Antonio Edson Santanopolitano |
“Eu tinha 13 anos, em Fortaleza, quando ouvi gritos
de pavor. Vinham da vizinhança, da casa de Bete, mocinha linda, que usava
tranças. Levei apenas uma hora para saber o motivo. Bete fora acusada de não
ser mais Virgem e os irmãos a subjugavam em cima de sua estreita cama de
solteira, para que o médico da família lhe enfiasse a mão enluvada entre as
pernas e decretasse se tinha ou não o selo da honra. Como o lacre continuava
lá, os pais respiraram, mas a Bete nunca mais foi à janela, nunca mais dançou
nos Bailes e acabou fugindo para o Piauí, ninguém sabe como, nem com quem.
Eu tinha apenas 14 anos, quando Maria Lúcia tentou escapar, saltando o muro alto do quintal da sua casa para se encontrar com o namorado. Agarrada pelos cabelos e dominada, não conseguiu passar no exame ginecológico. O laudo médico registrou vestígios himenais dilacerados, e os pais internaram a pecadora no reformatório Bom Pastor, para se esquecer do mundo. Realmente, esqueceu, morrendo tuberculosa.
Estes episódios marcaram para sempre a minha
consciência e me fizeram perguntar que poder é esse que a família e os homens
têm sobre o corpo das mulheres? Ontem, para mutilar, amordaçar, silenciar.
Hoje, para manipular, moldar, escravizar aos estereótipos. Todos vimos, na
televisão, modelos torturados por seguidas cirurgias plásticas. Transformaram
seus seios em alegorias para entrar na moda da peitaria robusta das norte americanas.

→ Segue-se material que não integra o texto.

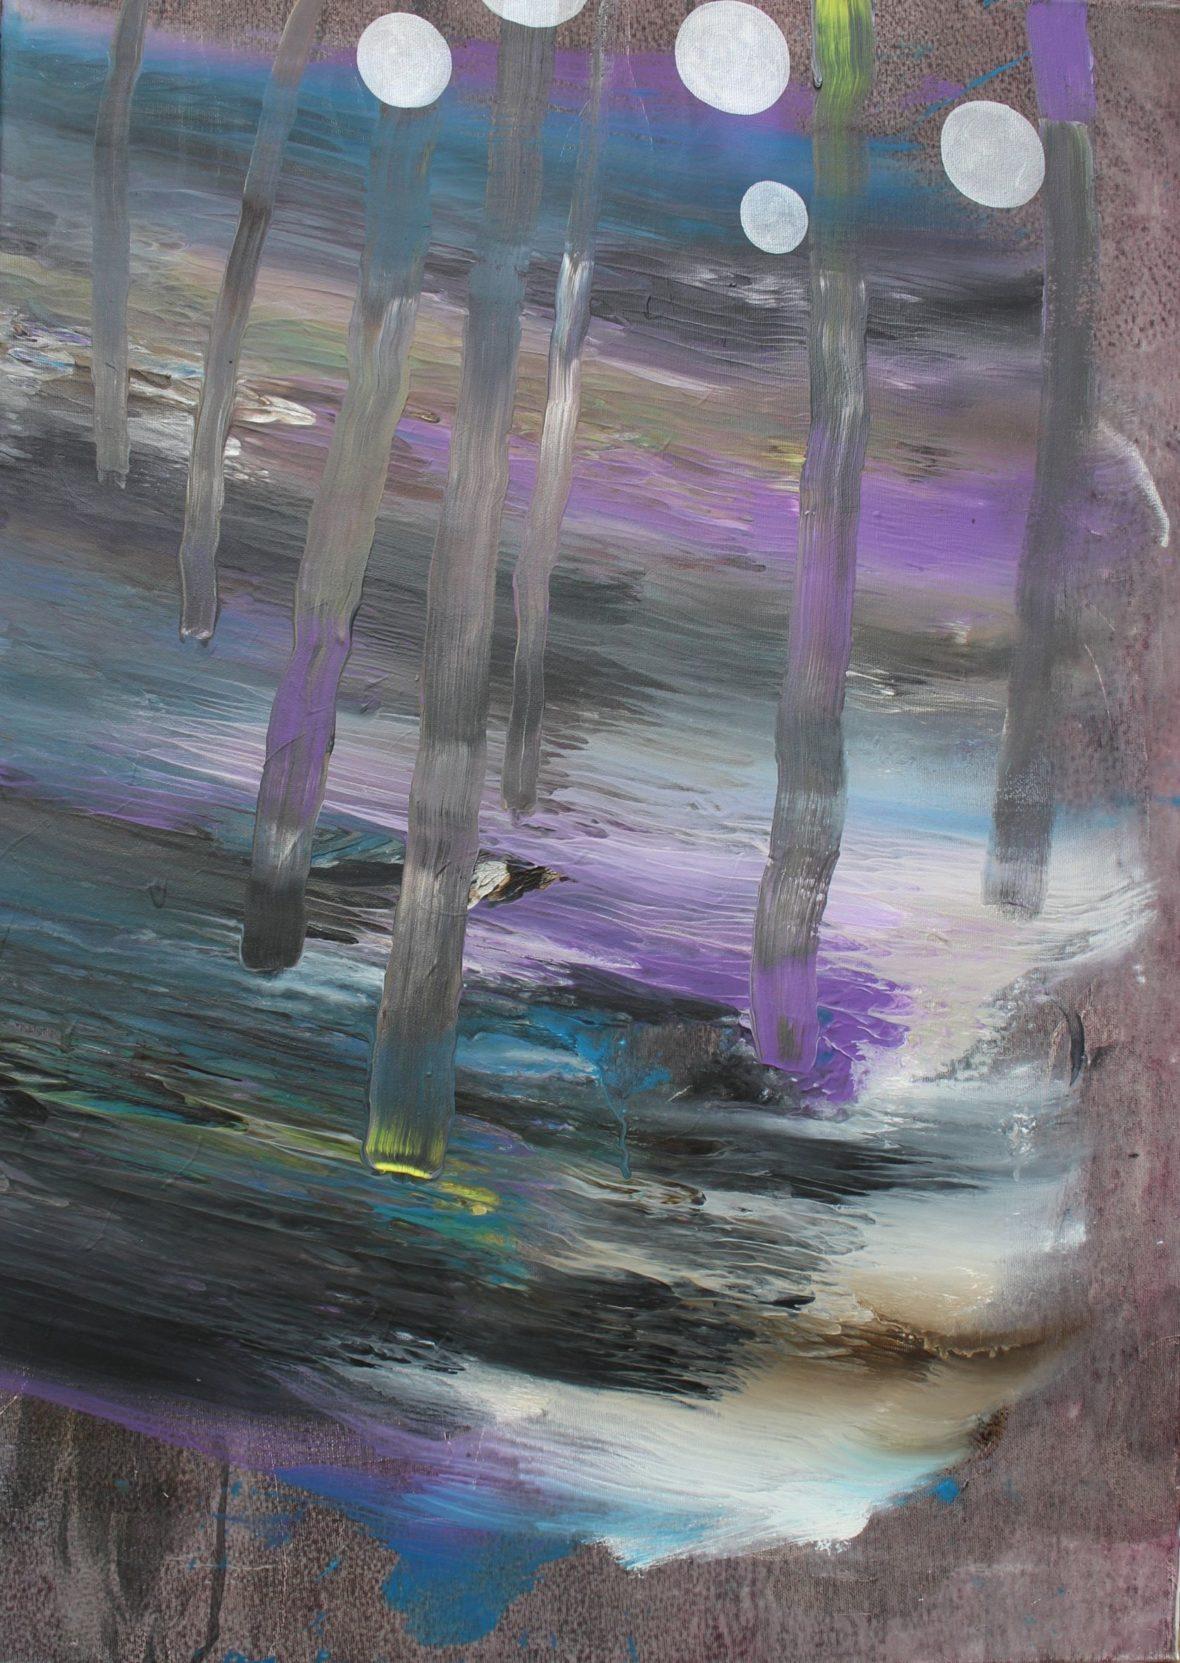 Sarjasta Kaunismaailma 53., 70x50cm, akryylimaalaus, 2016

Entupiram as nádegas de silicone para se tornarem rebolativas e sensuais,
garantindo bom sucesso nas passarelas do samba. Substituíram os narizes,
desviaram costas, mudaram o traçado do dorso para se adaptarem à moda do
momento e ficarem irresistíveis diante dos homens. E, com isso, Barbies de
fancaria, provocaram em muitas outras mulheres - as baixinhas, as gordas, as de
óculos - um sentimento de perda de auto-estima.
Isso exatamente no momento em que a maioria de
estudantes universitários (56%) é composto de moças. Em que mulheres se afirmam
na magistratura, na pesquisa científica, na política, no jornalismo. E, no
momento em que as pioneiras do feminismo passam a defender a teoria de que é
preciso feminilizar o mundo e torná-lo mais distante da barbárie mercantilista
e mais próximo do humanismo.
Por mim, acho que só as mulheres podem desarmar a
sociedade. Até porque elas são desarmadas pela própria natureza. Nascem sem
pênis, sem poder fálico da penetração e do estupro, tão bem representado por
pistolas, revólveres, flechas, espadas e punhais. Ninguém diz, de uma mulher,
que ela é de espadas.
Ninguém lhe dá, na primeira infância, um fuzil de
plástico, como fazem com os meninos, para fortalecer sua virilidade e
violência. As mulheres detestam o sangue, até mesmo porque têm que derramá-lo
na menstruação ou no parto. Odeiam as guerras, os exércitos regulares ou as
gangues urbanas, porque lhes tiram os filhos de sua convivência e os colocam na
marginalidade, na insegurança e na violência.
É preciso voltar os olhos para a população feminina
como a grande articuladora da paz. E para começar, queremos pregar o respeito
ao corpo da mulher. Respeito às suas pernas que têm varizes porque carregam
latas d'água e trouxas de roupa. Respeito aos seus seios que perderam a firmeza
porque amamentaram seus filhos ao longo dos anos. Respeito ao seu dorso que
engrossou, porque elas carregam o país nas costas.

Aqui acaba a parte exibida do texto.